──────── Data for the task

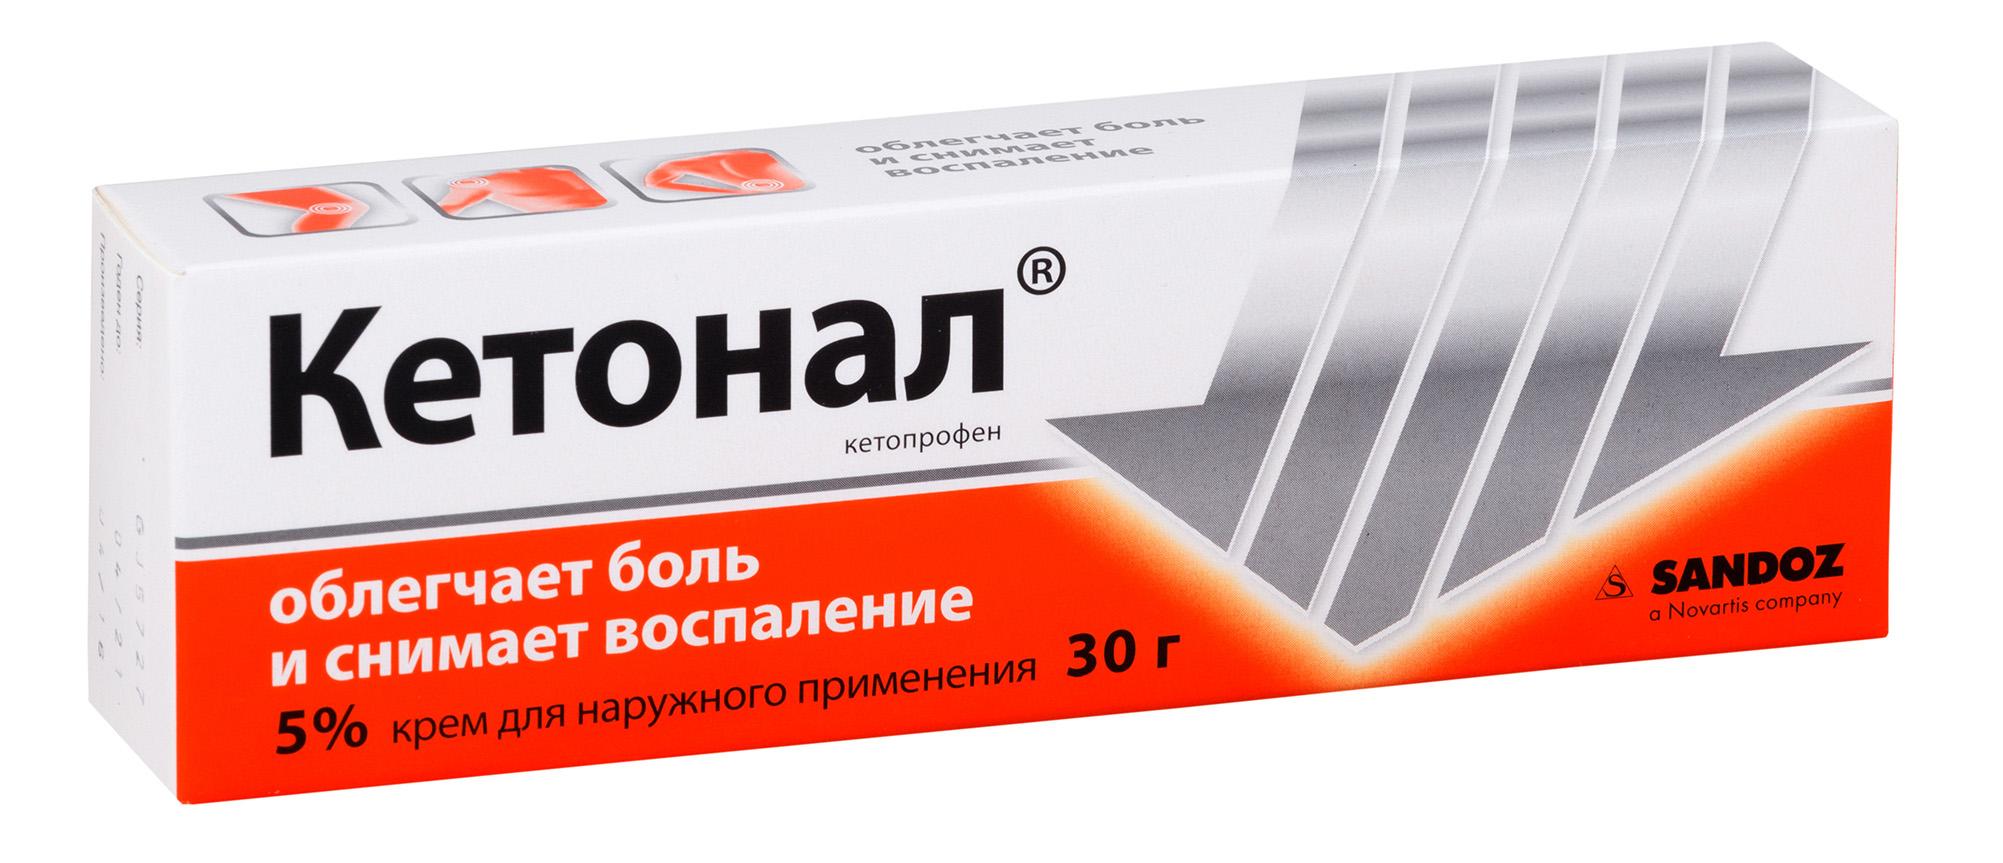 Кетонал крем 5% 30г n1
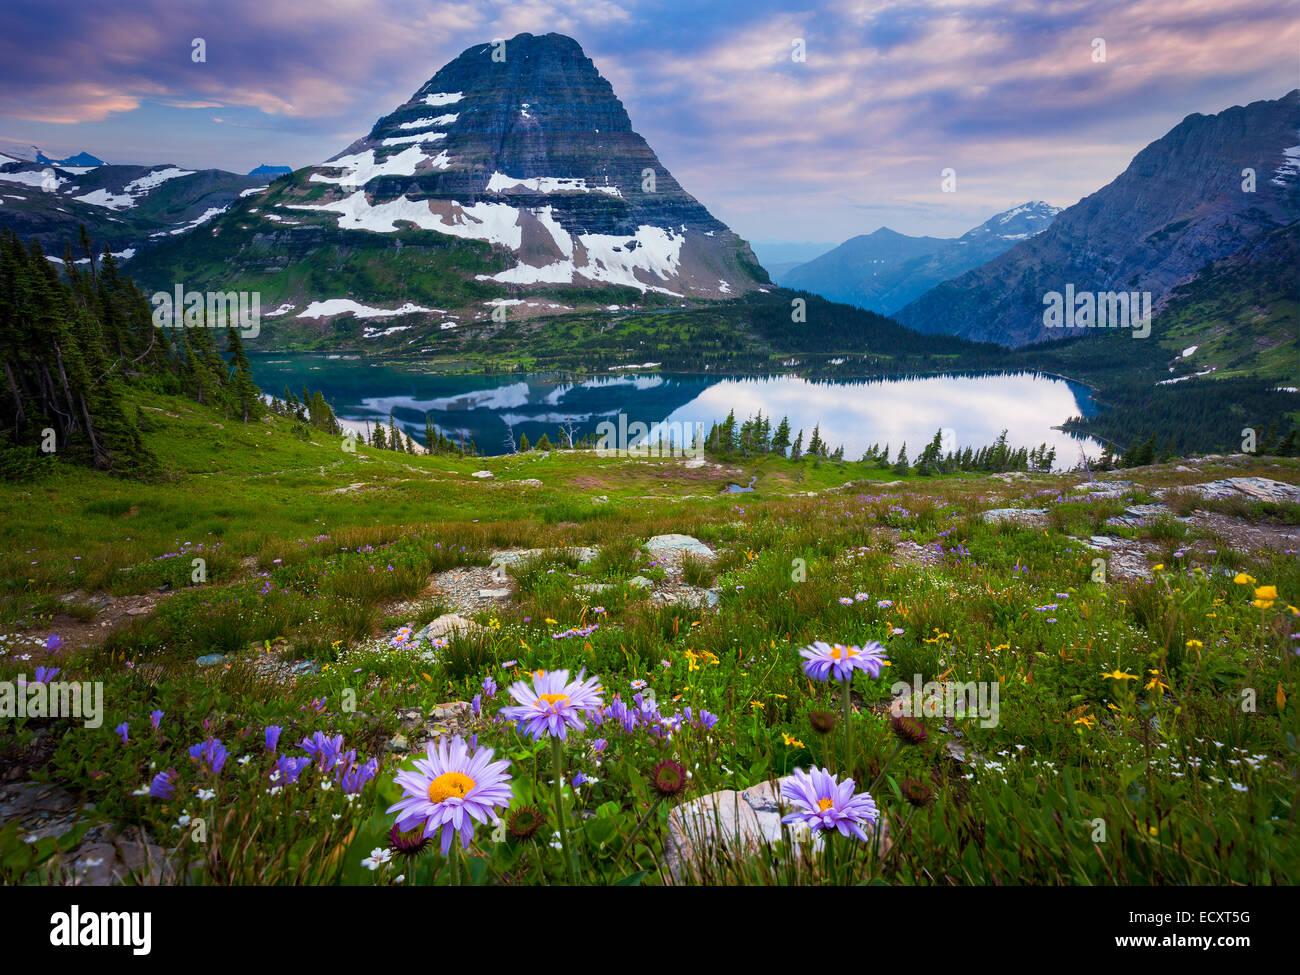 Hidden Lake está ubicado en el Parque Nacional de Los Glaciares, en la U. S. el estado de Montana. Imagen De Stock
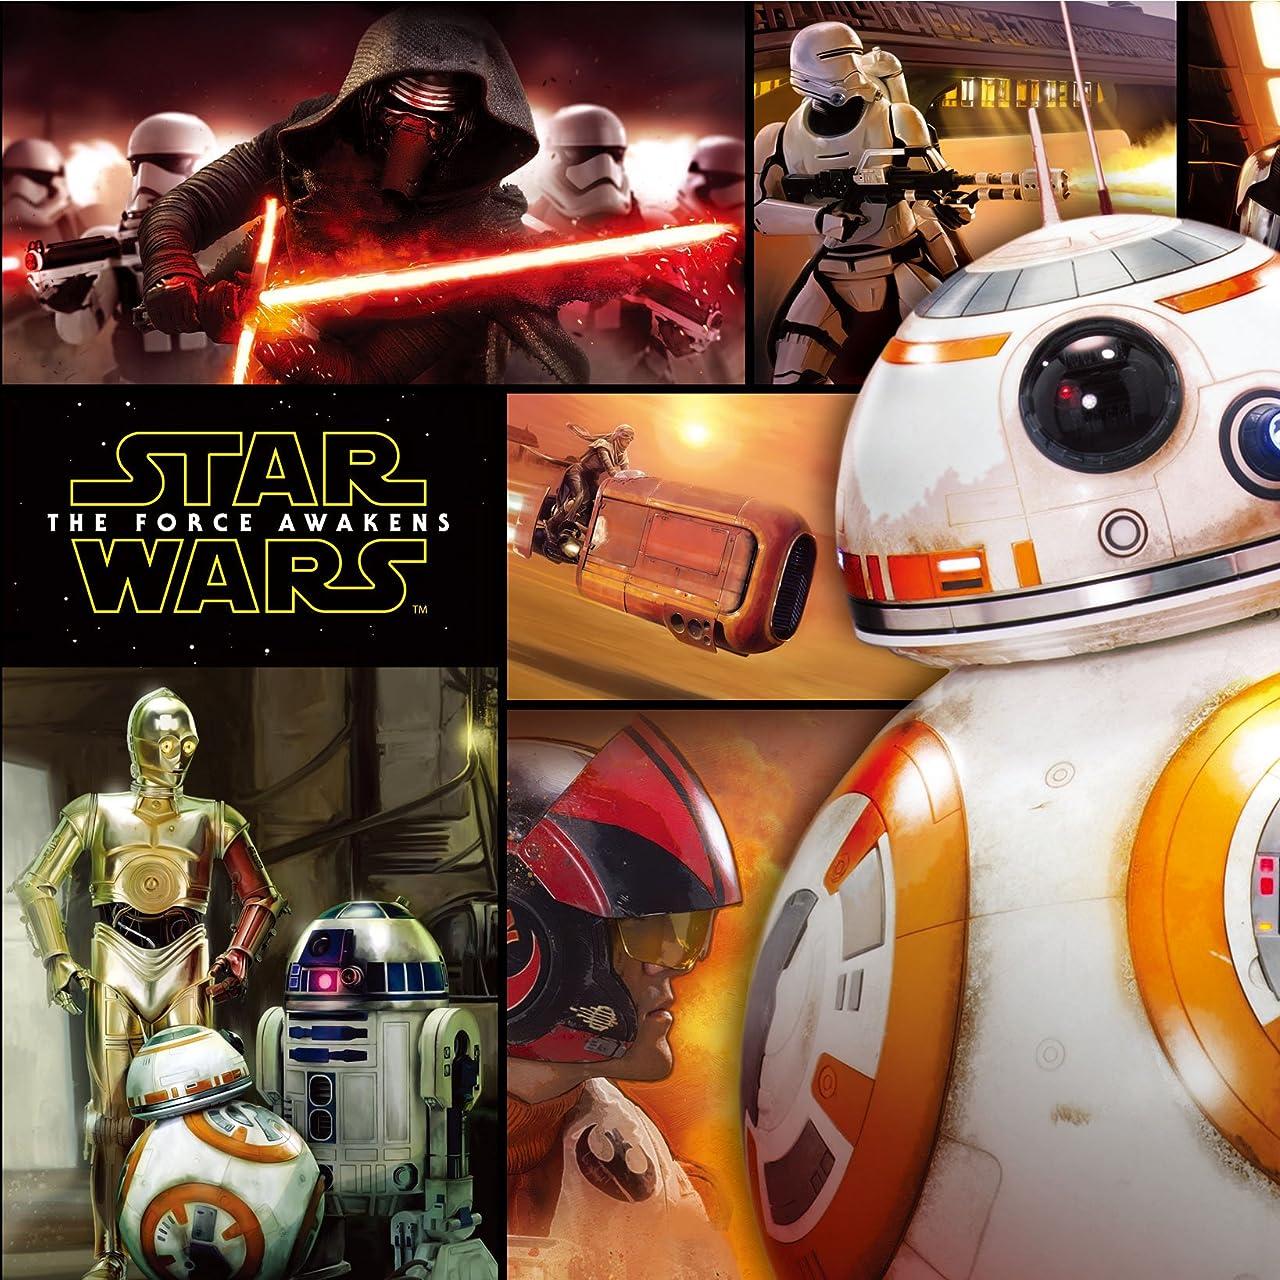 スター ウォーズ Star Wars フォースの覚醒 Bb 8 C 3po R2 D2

────────────────
──────── Data for the task

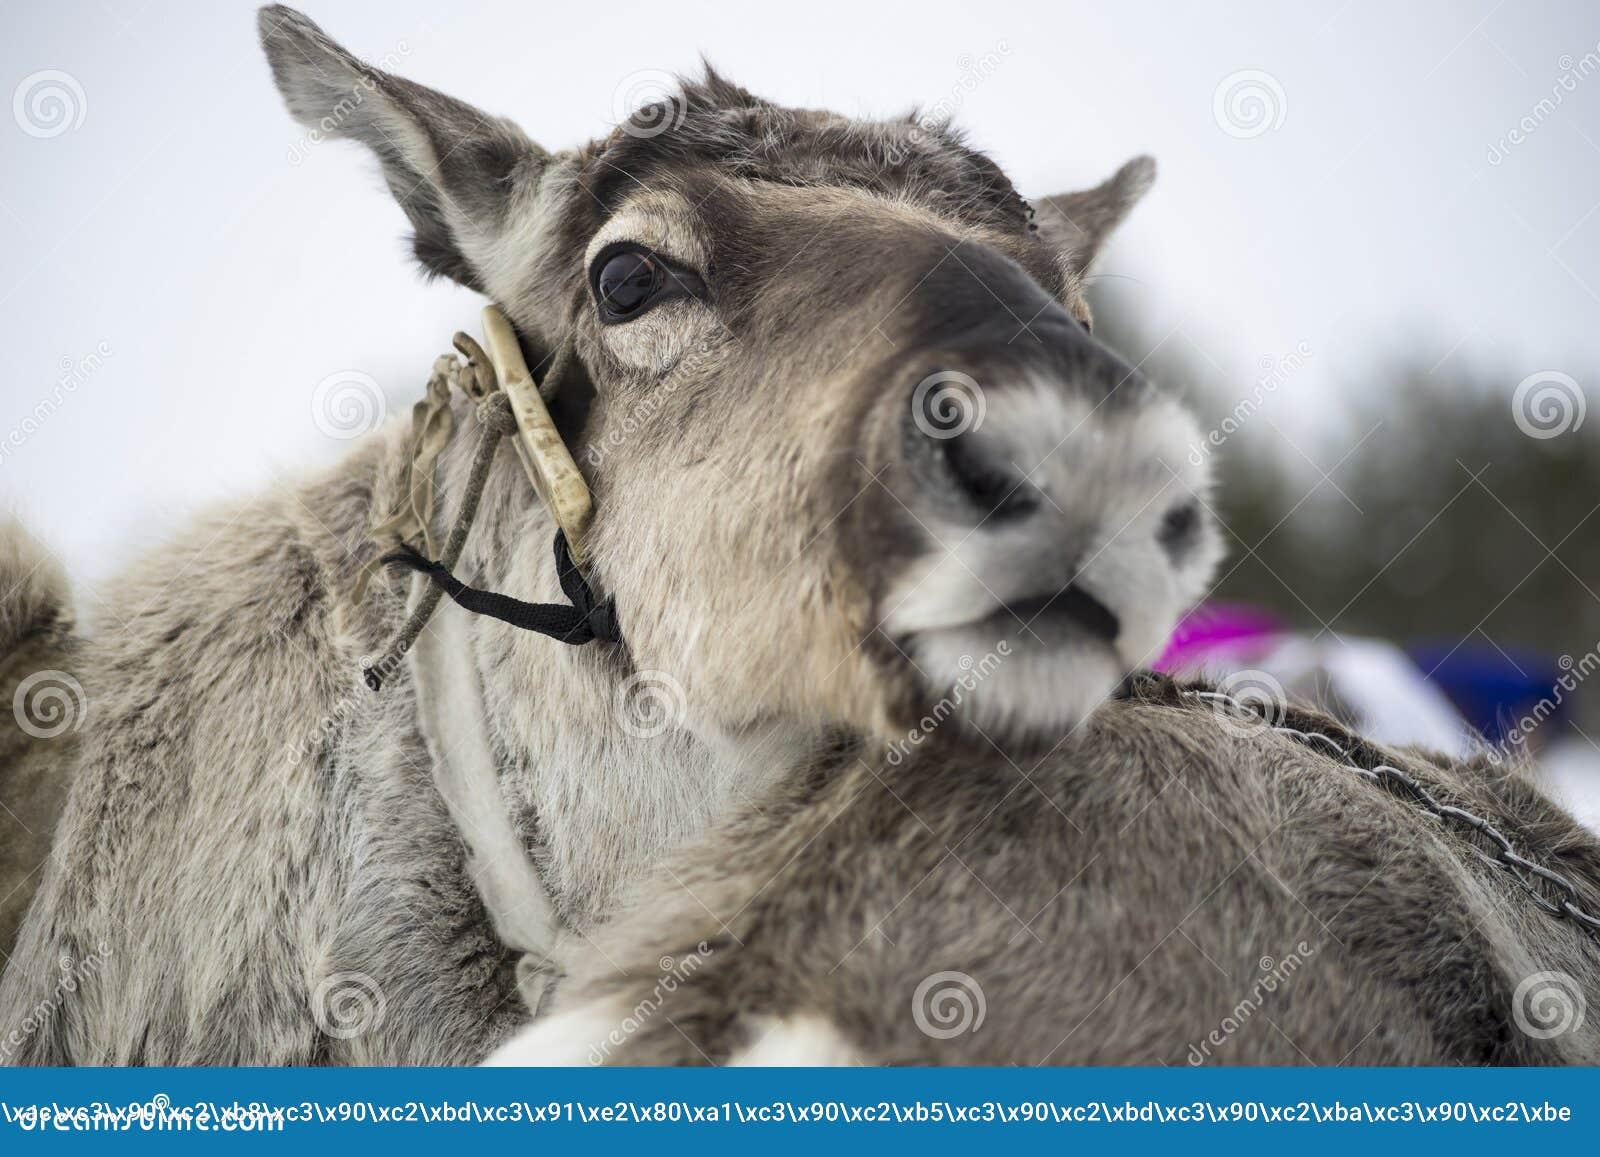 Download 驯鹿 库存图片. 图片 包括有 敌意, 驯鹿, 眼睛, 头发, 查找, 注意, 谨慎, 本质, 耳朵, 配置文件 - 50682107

────────────────

### The problem
Once the line with "Кетонал крем 5% 30г n1" is found in the data above, reproduce it and each line after it exactly, through the line with "スター ウォーズ Star Wars フォースの覚醒 Bb 8 C 3po R2 D2". Omit the pictures.

### Result of this exercise
 Кетонал крем 5% 30г n1
 Hidden Lake está ubicado en el Parque Nacional de Los Glaciares, en la U. S. el estado de Montana. Imagen De Stock
 スター ウォーズ Star Wars フォースの覚醒 Bb 8 C 3po R2 D2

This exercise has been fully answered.